I have never had a slow growing pleco!! Mine grows like weeds!


----------



## mashunter18 (Jan 2, 2004)

looks like the heater burn heal up isnt to bad :nod:


----------



## killerbee (Aug 18, 2004)

furious piranha said:


> i like taht middle peice of drift wood
> [snapback]1035748[/snapback]​


Thanks, it cost me $40.00. I almost was not going to add a center piece so my p's could have lots of open space, but when i saw this at a local lfs i had to get it. It was already on a piece of slate too











kove32 Posted May 21 2005 said:


> I have never had a slow growing pleco!! Mine grows like weeds!
> [snapback]1035748[/snapback]​


Thats cool, don't mind either now with all this room they have 72x18x20 (LxWxH)

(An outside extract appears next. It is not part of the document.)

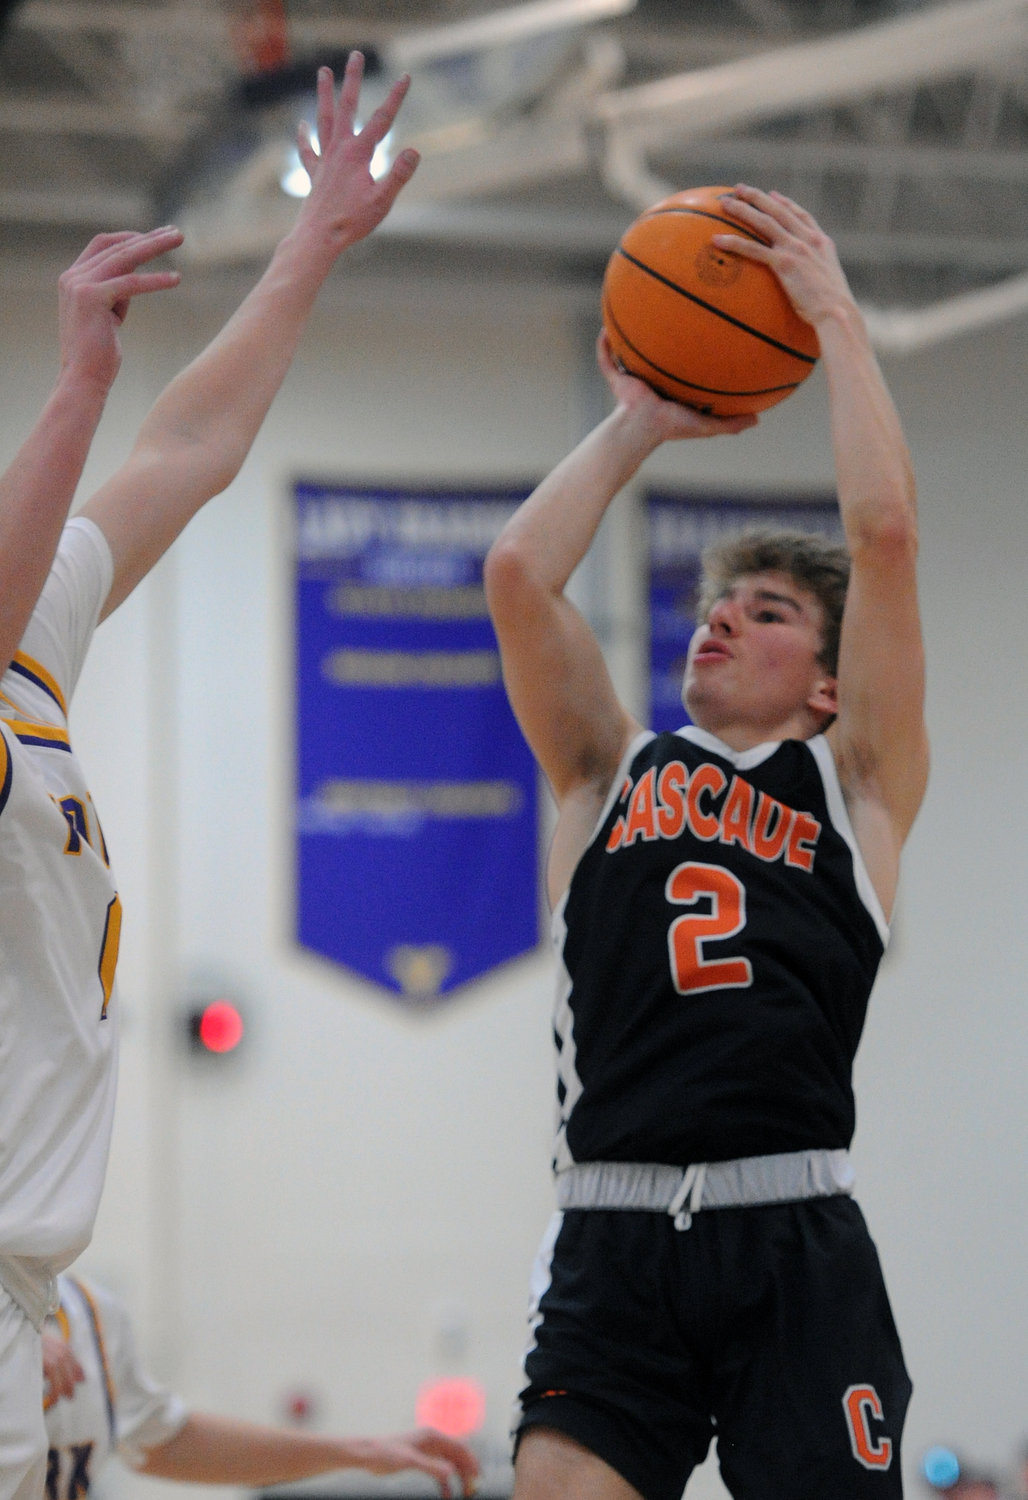 Senior Jayden Gulick pulls up for a contested jumper during Monday night’s sectional.

mashunter18 Posted May 22 2005 said:


> looks like the heater burn heal up isnt to bad
> [snapback]1035748[/snapback]​


yes, i'm glad he got better than what he was at the time. His whole side was white including the face. I think he lost his sight to that side though







you would think they would move if they started to get a burning sensation.


----------



## ~Silly~Spy (Mar 12, 2005)

nice pleco, if yours is a common pleco then whats mine? mine doesn't look like yours.


----------



## waspride (Jun 13, 2004)

Yours is a common pleco too i think.


----------



## killerbee (Aug 18, 2004)

~Silly~Spy said:


> nice pleco, if yours is a common pleco then whats mine? mine doesn't look like yours.
> [snapback]1039644[/snapback]​


Thanks,
Looks like a common pleco too, except mine looks different because of the dark gravel/sand....and yours is on light colored sand


----------